I used to be a shy kid. People who know me now shake their heads in disbelief when I mention this. It used to be that the place I felt the most comfortable was on a stage, dancing my heart out. I was both introvert and extrovert, a chameleon of sorts, practiced at figuring out what was wanted of me and putting that face forward. From this vantage point, looking back, I’m not sure that “shy” is the right word. I think I was afraid – of not being likeable, not being loveable, not being enough. So I hid because it was better than rejection. It was my decision rather than theirs. But when I danced I was long arms, long legs, pointed feet. I was spirit incarnate. I was pure joy.
I stopped dancing.
I went through a stage where I would meet people over and over again and they wouldn’t remember me. I came to believe I was invisible. Unworthy. I got back on stage as an actor and felt seen again, felt admired, if not loved, felt deeply inadequate. I came out of my shell and realized I loved connection, I loved honesty, I loved growth and play and touching people’s hearts with my work. I also learned that women made good friends and I could open myself up without fear of being abandoned.
I danced again.
I felt admired, seen, liked and disliked for my visibility.

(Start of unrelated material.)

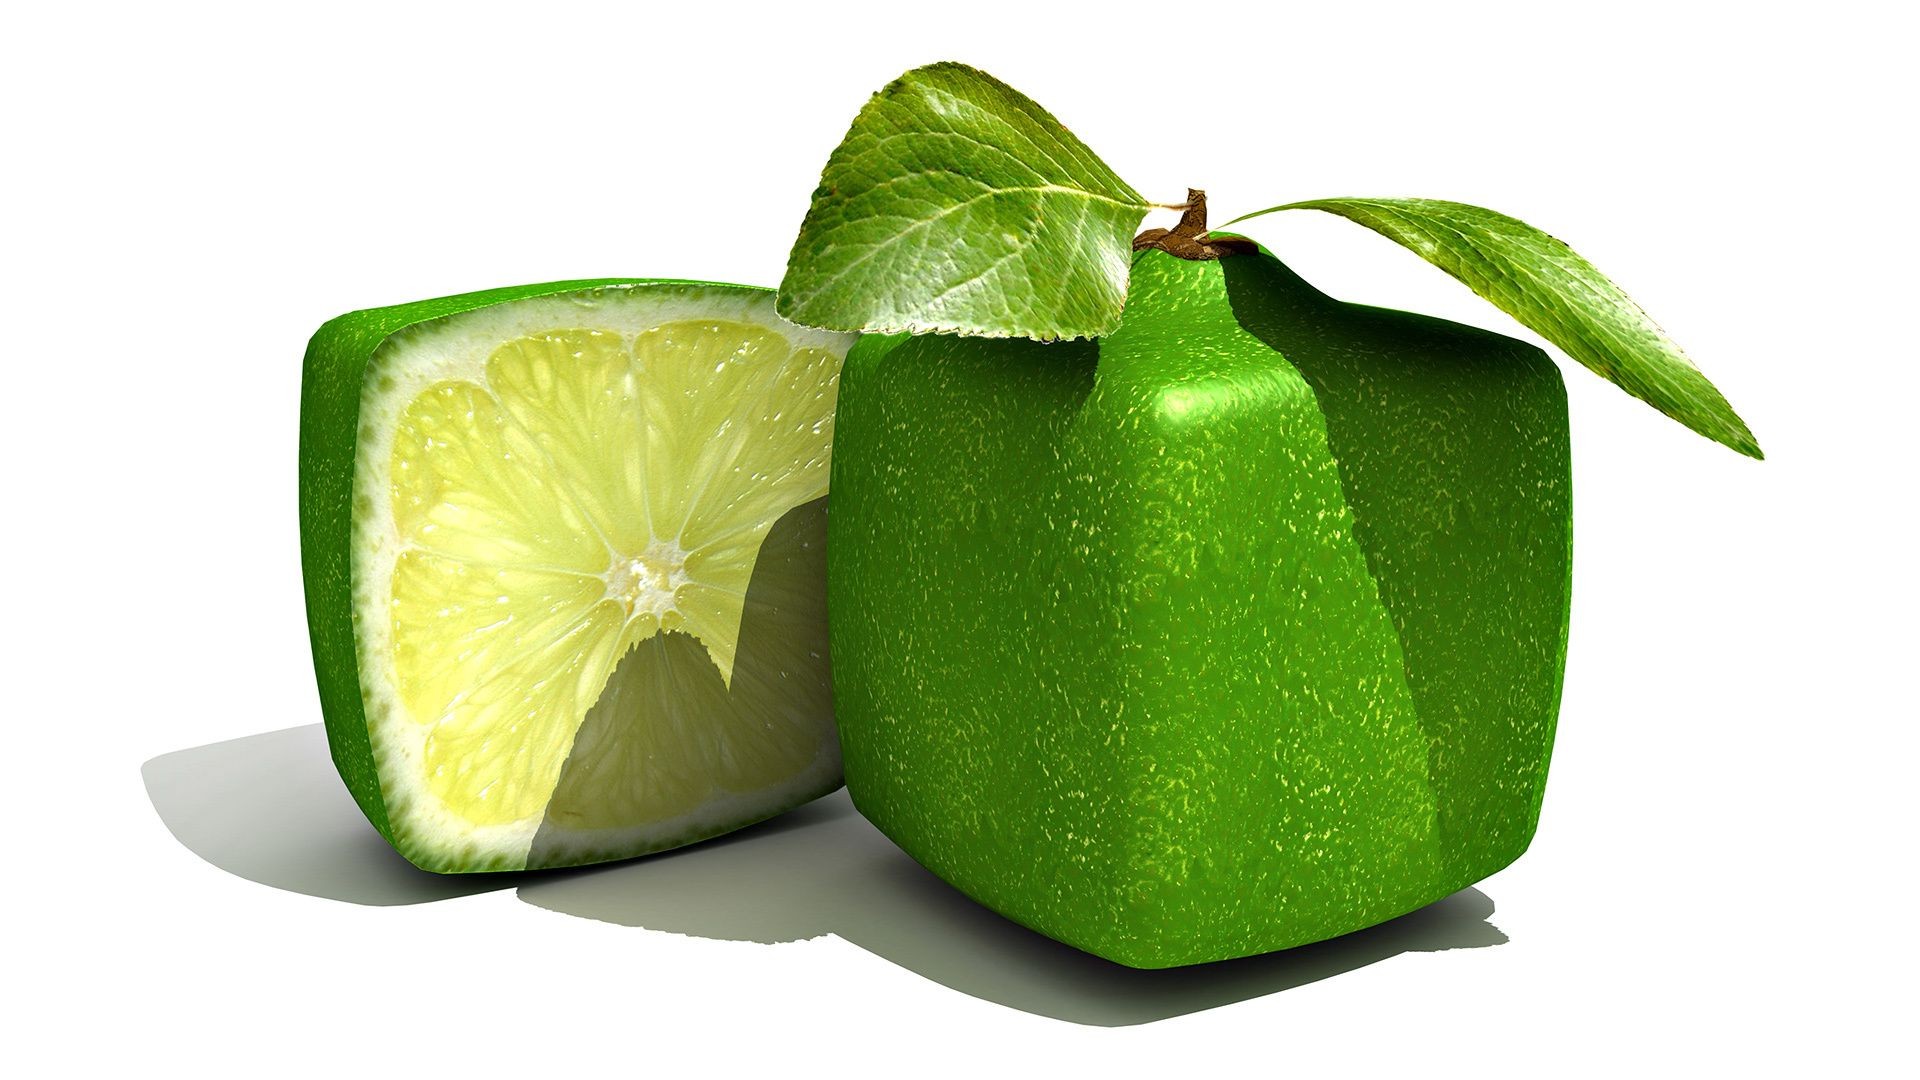 фрукты сочные сок лист еда здоровья тропический кондитерское изделие цитрусовые здоровый изолированные свежесть питание половина

I felt young and stupid and awkward in my skin. I stumbled in my personal life. I felt closer to and farther from myself.
I stopped dancing.
For 16 years.
Then my health deteriorated, my baby died, my heart broke open and life poured in. Dancing became a way to cope with the fear. It became a life-line, a connection to Source, a connection to myself. And still, I did not dance. Not as often as I needed to. I discovered that when I commit to dance, I commit to myself. I commit to my desire to shine. But where that desire used to be about being seen, being loved, being an image to project fantasies on to, it is now a way inward. It is a meditation, a freedom. It is oxygen for my soul.
I am no longer that chameleon, working desperately to please others. I stand firmly in the world. I write, I dance, I love. When the winds knock me over, I know I can pick myself back up. One day I might dance again in a public space but for now, I am happy getting reacquainted with the grounding force of dancing on my own.